Torrents, forget torrents. They are nearly impossible due to the heavy IP routing hughesnet does, the fact the modem is esentially a router and that you don't get a static ip address with the home/consumer plan. It's almost impossible to connect to any seeds/peers. When I happen to connect to any seeds/peers as well as get a steady download going the speeds are drastically slow which makes torrenting essentially a PITA and not worthwhile or worth the time.
Also encryption or any other tricks used with other ISP's Do Not work with Hughesnet Satellite Internet.
I know this discussion is about Comcast and other ISP's throttling, but I wanted to say the situation could be much much more worse than what is is right now for you. Consider yourselves at least lucky you go a somewhat decent ISP you can rely on that works much more decently than what I've got and a somewhat usable service. For me it's either Hughes Satellite or Dial-Up which Dial-Up seems to be much more reliable, but I opted for Hughesnet since I wanted/needed to complete downloads and browse a bit faster when not in Fap mode than what Dial-Up offer. Hughes is undoubtedly the most crappy ISP or Fake broadband ISP anyone can have. It's Broadband, Bound and Gagged! Pay no attention to the lying deceiving commercials they dish out
They are a media company.

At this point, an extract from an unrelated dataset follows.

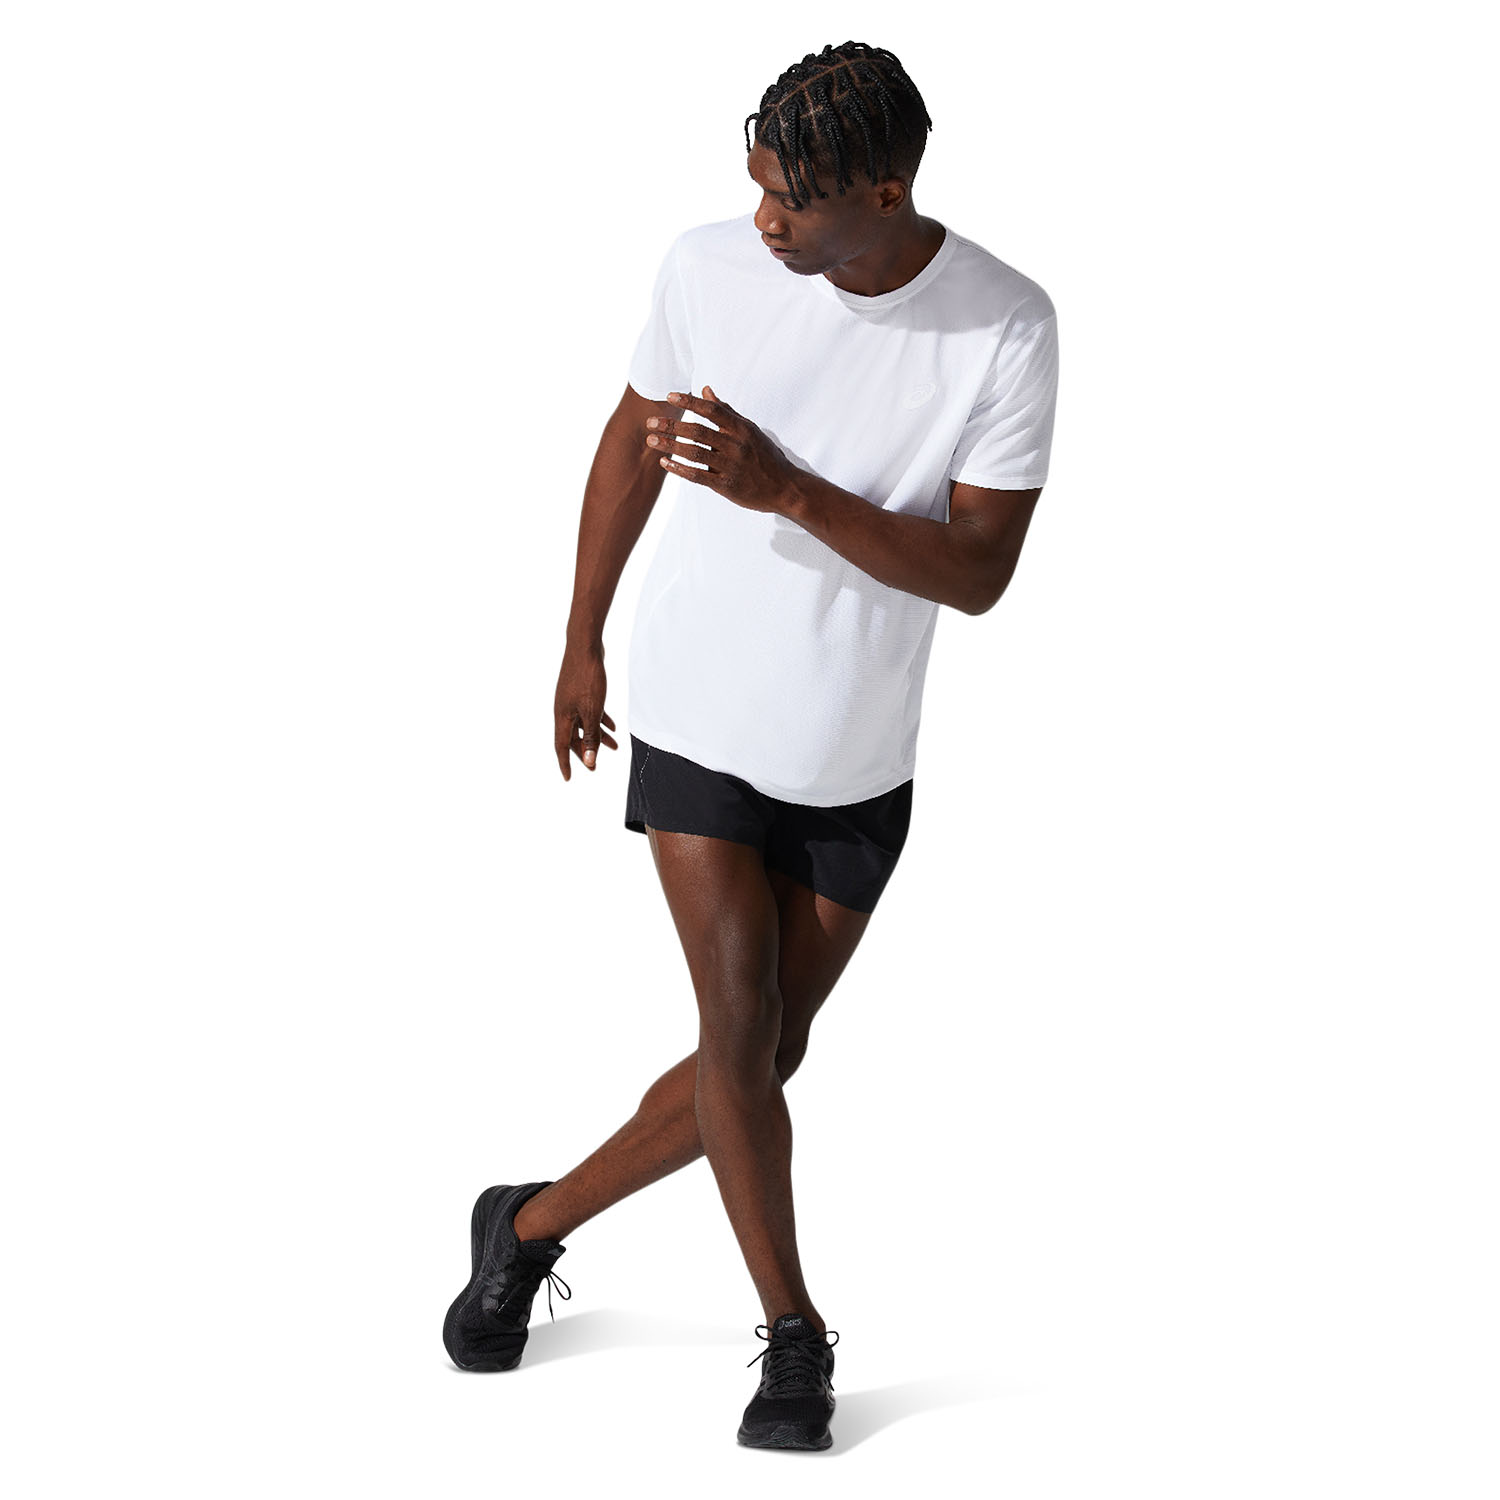 Asics Core 5in Shorts - Performance Black/Graphite Grey

A rather large one.
They are being used by Warner Brothers, another media company, to sell movies. AFAIK, Comcast isn't making a dime off of WB, yet their network has been supporting WB...until now.
Wake up, folks. They don't care about your warez, they don't care about your music or pr0n, they don't care what individuals are doing.
They are trying to stuff their competition. Close them out. Choke them.
When you own the waterway, you decide which ships get to sail thru.
Comcast has decided what you are going to watch on their pipes. And it will not be the competition.
You're not saying goodbye to BitTorrent. You are saying goodbye to choice.